When any IO command fails, the ioworker exits immediately. If you want to continue running ioworker when any IO command fails, you need to specify this parameter exit_on_error to False.

def test_ioworker_exit_on_error(nvme0n1):
    nvme0n1.ioworker(exit_on_error=True,
                     time=5).start().close()

verify_disable

verify_disable turns off data-integrity checking for the affected operation(s), bypassing CRC/pattern validation to remove host-side overhead during pure performance runs. Default: False (verification is enabled if globally turned on).

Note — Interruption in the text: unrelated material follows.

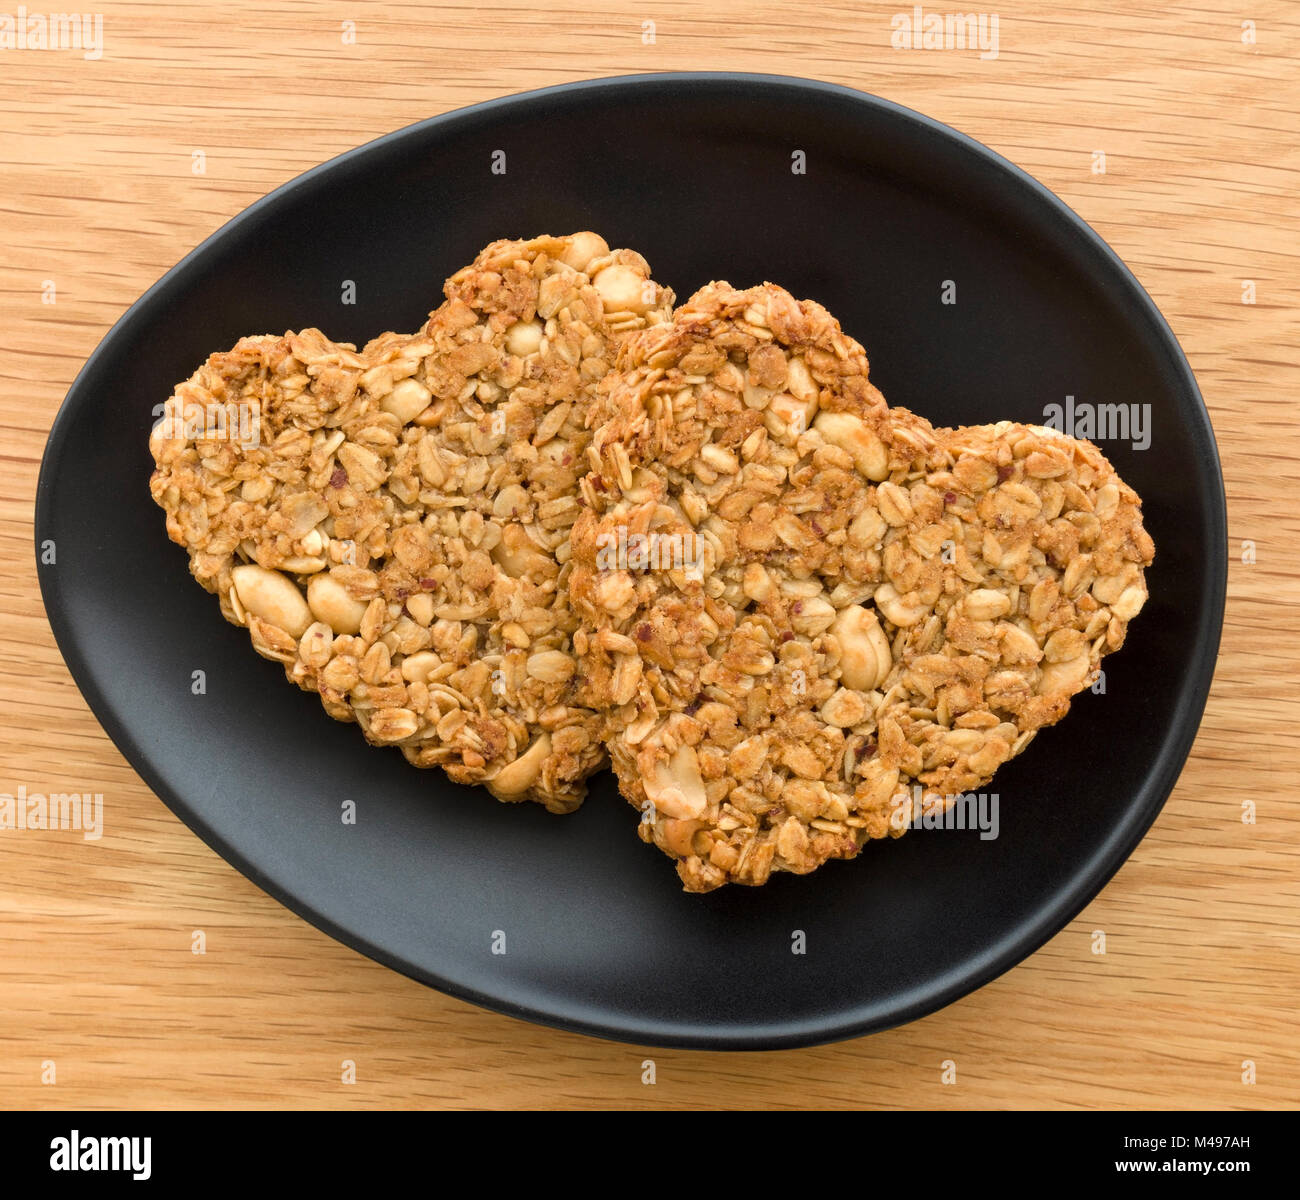 Dos caseras de maní en forma de corazón y avena flapjack galletas hechas para celebrar el Día de San Valentín en oval placa negra sobre la mesa de madera. Foto de stock

def test_perf_unverified_ioworker(nvme0n1):
    a = nvme0n1.ioworker(
        io_size=8,               # 4 KiB if 1 LBA = 512 B
        lba_align=8,
        lba_random=True,
        qdepth=127,
        verify_disable=True,     # <-- disable verify for this worker
        time=10
    ).start()
    r = a.close()
    logging.info(r)

cpu_id

The cpu_id parameter in ioworker is designed to distribute the workload across different CPU cores. To achieve optimal performance and latency, it is assumed that each ioworker utilizes 100% of a single CPU core’s resources. However, in practice, multiple ioworkers may sometimes be allocated to the same CPU core. When this happens, the combined performance of these ioworkers is nearly the same as that of a single ioworker. This outcome is not desirable when using multiple ioworkers, so the cpu_id parameter is used to enforce the allocation of different ioworkers to separate CPU cores.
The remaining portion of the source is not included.